Yes, and this is the recommended approach for comprehensive security testing. Each tool has different strengths: Nikto catches server misconfigurations quickly, Nuclei detects known CVEs and exposures through community templates, and ZAP performs deep application-level testing including authentication bypass and logic flaw detection. Running all three gives you layered coverage.

Is OWASP ZAP suitable for production CI/CD pipelines?

Yes. OWASP ZAP’s baseline scan (zap-baseline.py) is designed specifically for CI/CD integration. It runs passively by default, meaning it will not attack your application — it only analyzes traffic. You can configure it to fail the build on HIGH or CRITICAL findings. For more thorough testing, the full scan (zap-full-scan.py) performs active attacks but takes longer and should run on staging environments only.

How often should I update Nuclei templates?

You should update Nuclei templates before every scan run using nuclei -ut. The community publishes new templates daily, especially after major CVE disclosures. In a CI/CD pipeline, include the template update as the first step before running any scans. This ensures you are testing against the latest known vulnerabilities.

Does Nikto still receive updates in 2026?

Yes. Nikto continues to receive periodic updates to its test database and plugin set. While the core scanner is mature and changes slowly, the test signatures are regularly updated to cover new web server versions, default files, and known misconfigurations. Check the GitHub repository for the latest release — as of April 2026, the project remains actively maintained.

Which scanner has the lowest false positive rate?

Nuclei generally has the lowest false positive rate because its YAML templates use specific matchers (word, regex, status code) that must all pass before reporting a finding. Nikto can produce more false positives since some tests are heuristic-based. ZAP’s passive scanner has very low false positives, but its active scanner can occasionally flag false positives depending on the application’s behavior. Always verify critical findings manually before raising them as bugs.

Can these tools scan applications behind authentication?

OWASP ZAP has the most robust authentication support, including form-based login, OAuth 2.0, and custom authentication scripts. Nuclei can handle authenticated scanning by passing custom headers, cookies, or using its built-in HTTP extractor for session tokens. Nikto only supports basic HTTP authentication. For applications with complex login flows, ZAP is the best choice.

How do I integrate these scanners with vulnerability management?

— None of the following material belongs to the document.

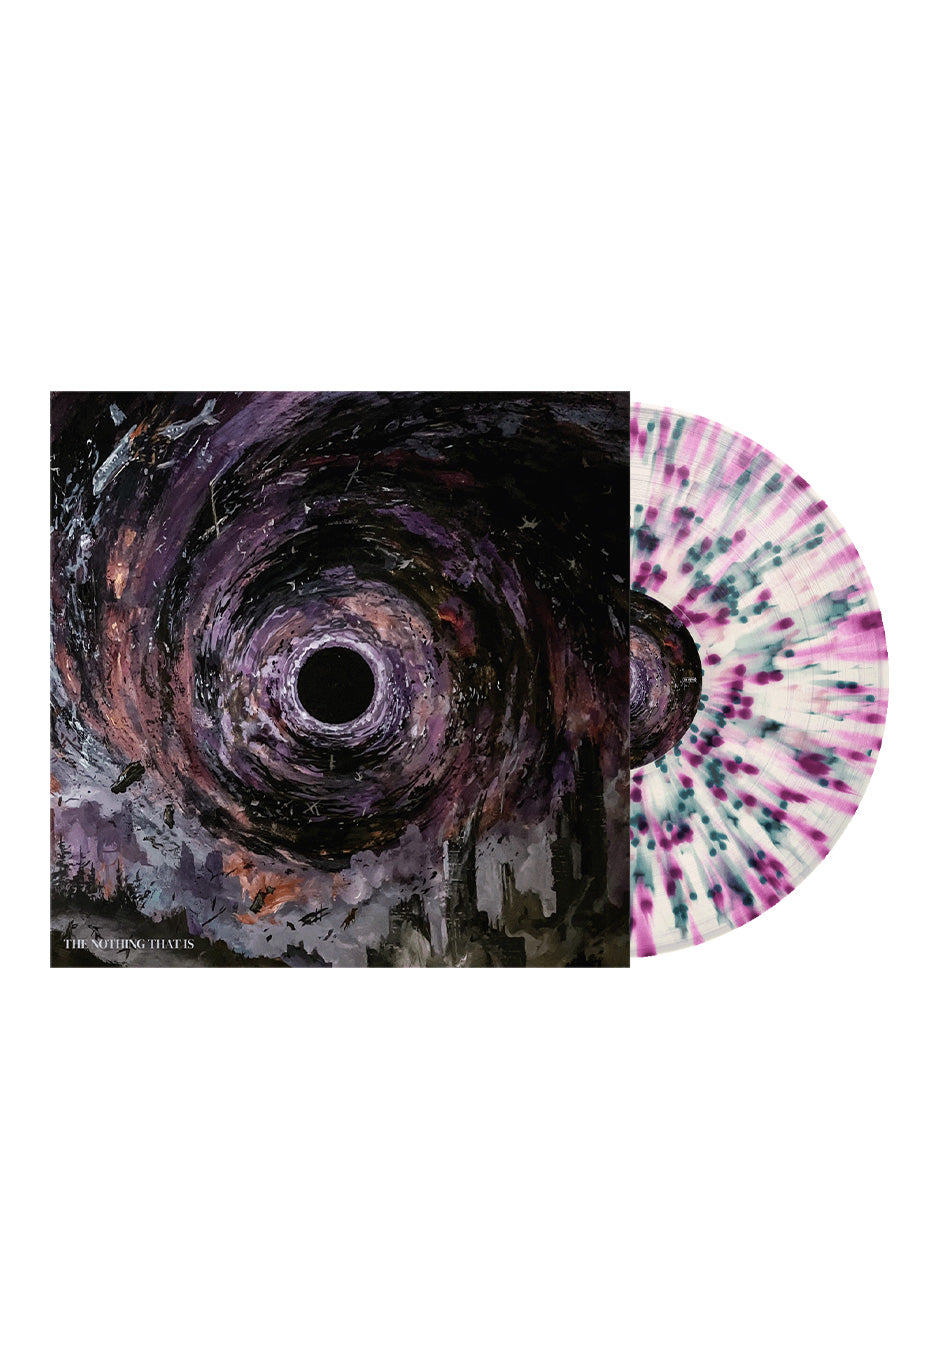 Fit For An Autopsy - The Nothing That Is Ltd. Bone/Blue/Pink/Purple - Splatter Vinyl | Neutral-Image

All three tools support output formats compatible with vulnerability management platforms. Nuclei outputs JSON and SARgitlabich integrate directly with GitHub Security, GitLab, and DefectDojo. ZAP can generate XML reports compatible with most platforms. Nikto supports XML, CSV, and JSON. For centralized management, consider deploying a platform like DefectDojo to aggregate findings from all three scanners, alongside our SIEM comparison for broader security event correlation.